There is a prototype for the sycl config file fuzzer available at https://github.com/intel/llvm/pull/16308
Fuzzing API entry points¶
TODO: think more about this section, i.e. whether or not we want to fuzz SYCL APIs. Not every of them accepts “raw” data, but instead expects some SYCL objects returned from previous API calls. However, there are still plenty of APIs which accept raw pointers and other fundamental data types. Note: to properly fuzz them structure-aware fuzzing may be needed.
SYCL Compiler¶
SYCL compiler is based on the upstream LLVM compiler project and it is an enormously huge codebase. Some of LLVM components have been re-used without any modifications to them at all. Some of LLVM components were slightly tweaked or significantly modified and there are components which are completely new and only exist in our implementation.
For every re-used component we should be able to benefit from existing fuzz testing written for those. Upstream documentation has them documented here.

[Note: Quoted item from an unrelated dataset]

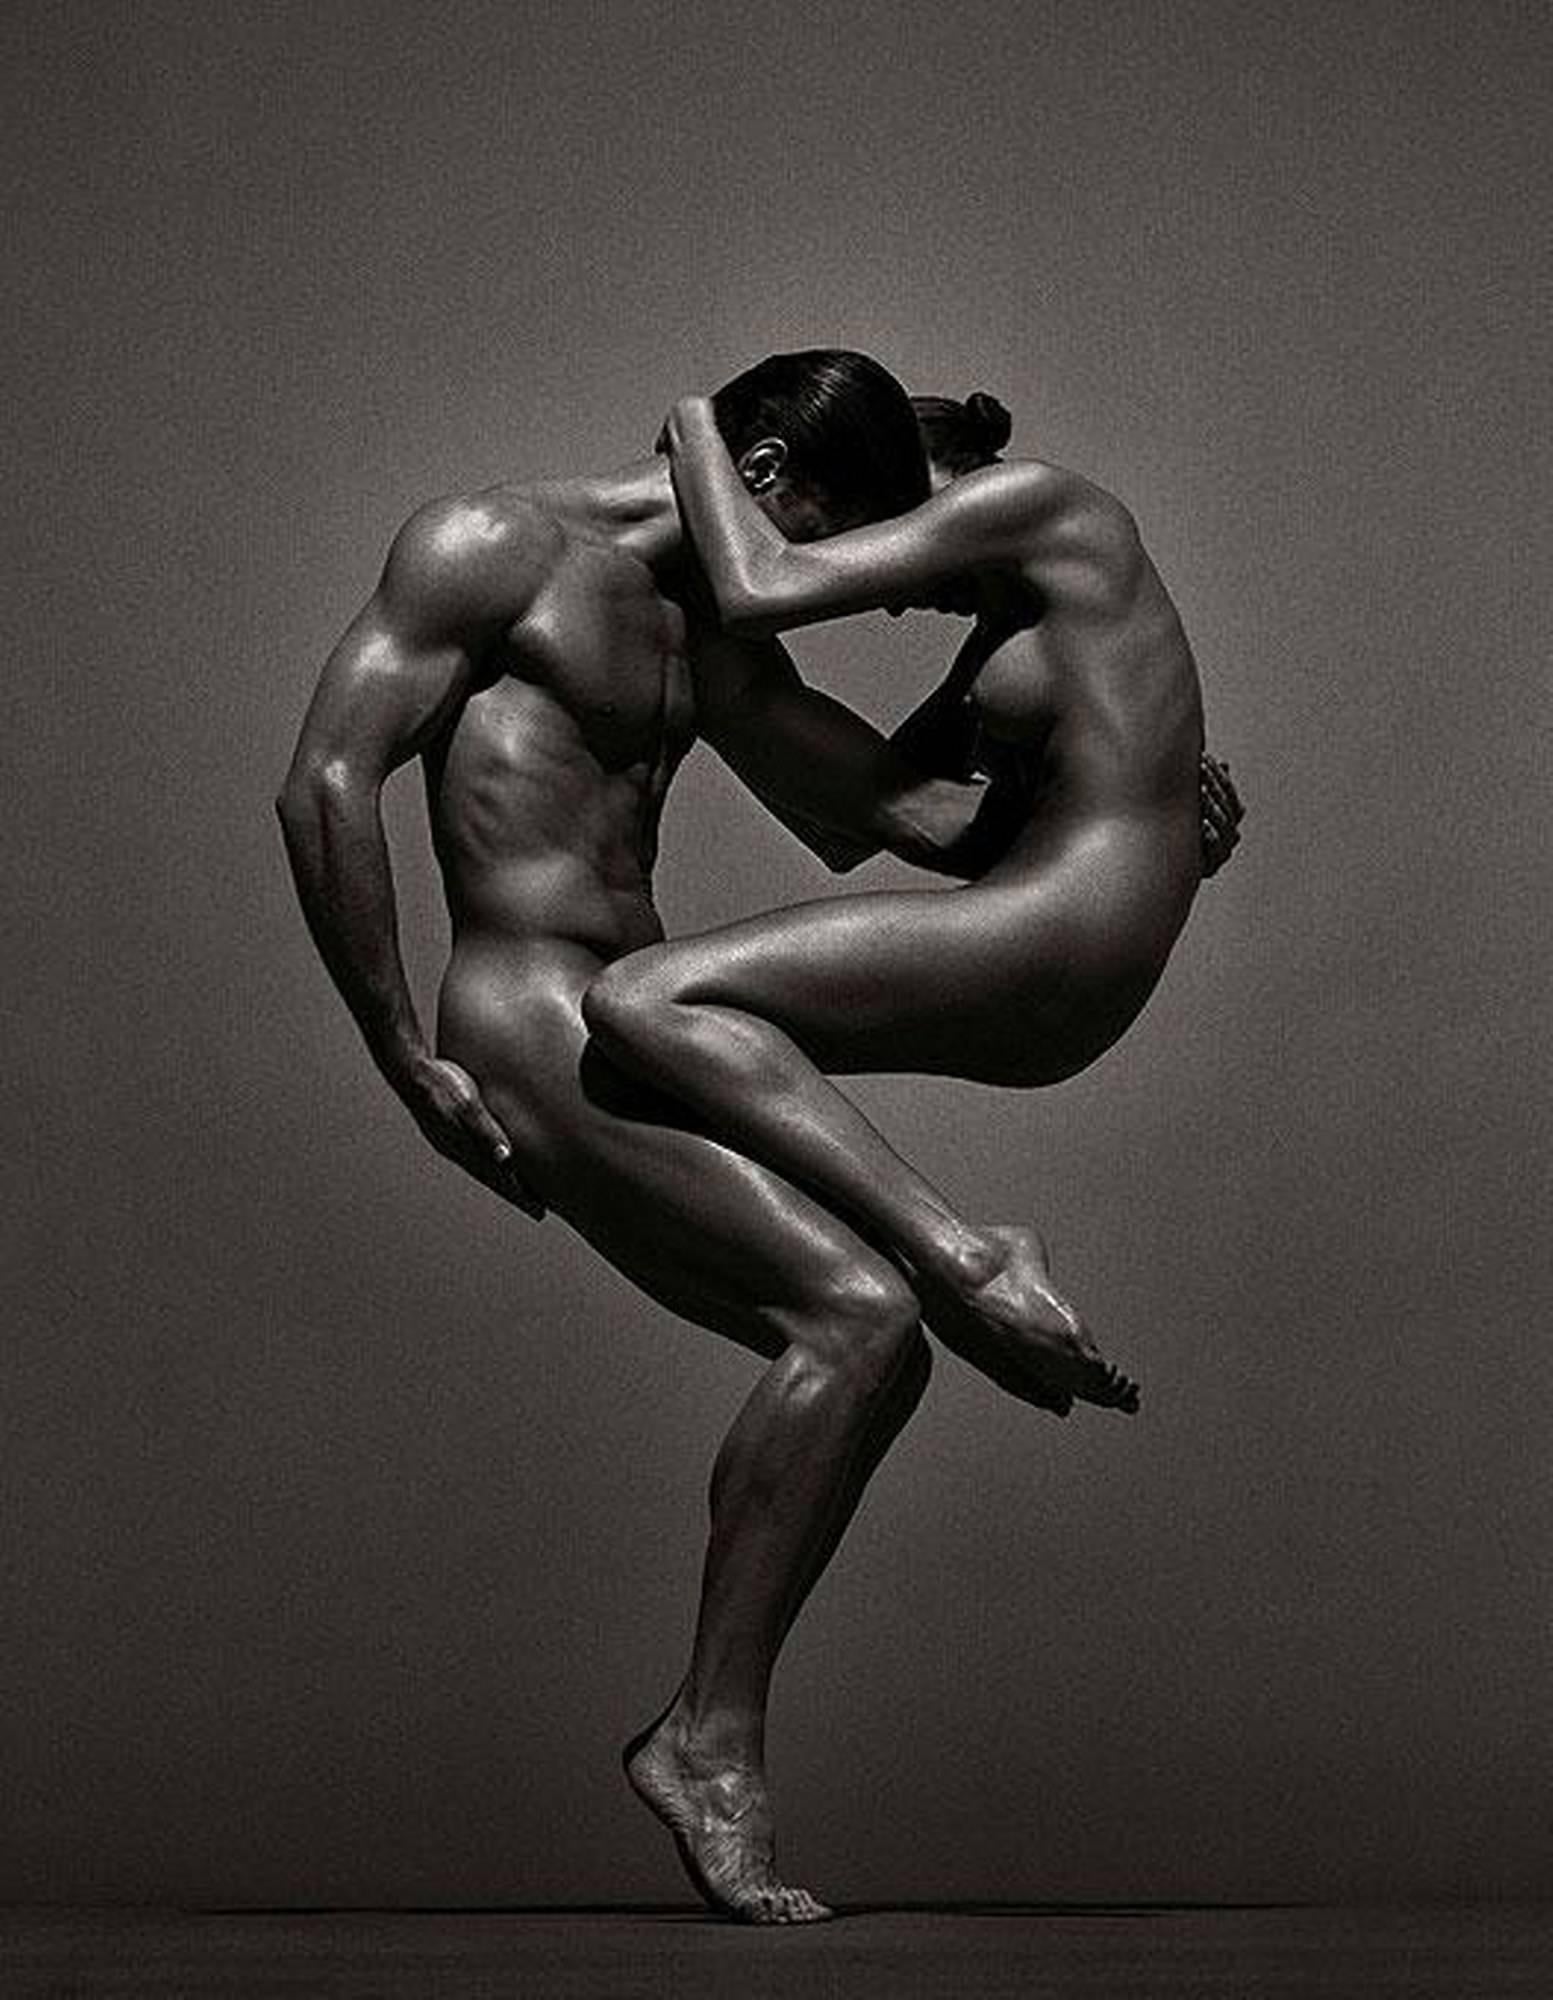 Sina&Anthony, Wien - Doppelakt in sportlicher Pose, Kunstfotografie, 1995

However, even though we could re-use existing fuzzers, we can’t just rely on someone else running them on the upstream codebase, because those runs won’t cover any customizations we made (including new components like optimization passes which we added only in our downstream).
There are also some unique components which may require special fuzzers. Sections below will go through components that we have and describe in more details like what should we fuzz and if we already have an existing fuzzer for that.
There is also the intel/yarpgen project that can be used to fuzz SYCL compilers. It generate random programs (of certain structure) to detect weaknesses and bugs in optimization passes.
Command line options¶
There are plenty of SYCL-specific command line options and there are multiple of those which are not mere flag, but expect a user-provided value in a certain format.
Those options should be fuzzed as well to ensure proper error handling of various weird inputs.
SYCL-specific passes¶
We have developed a number of passes to implement different SYCL features. They
all can be found in the llvm/lib/SYCLLowerIR folder. We don’t need a dedicated
fuzzer for every pass, but we can instead re-use existing LLVM fuzzer intended
for compiler passes to cover those.
SYCL-specific tools¶
As of now, we still use legacy offloading flow which involves multiple custom tools and some custom data format to communicate information between compiler phases.
Even though strictly speaking, we should probably fuzz those as well, we are going to replace that with so-called new offloading model which significantly simplifies the flow by reducing amount of tools we have and therefore amount of custom data formats used to communicate between those.
SPIRV-LLVM-Translator¶
Going forward, this tool may be replaced by a SPIRV Backend, but ultimately a step of translating LLVM IR into SPIR-V format will stay in place.
SPIR-V is a way stricter format and it moves at a slower pace than LLVM does and it is important that we have fuzzing for this phase as well.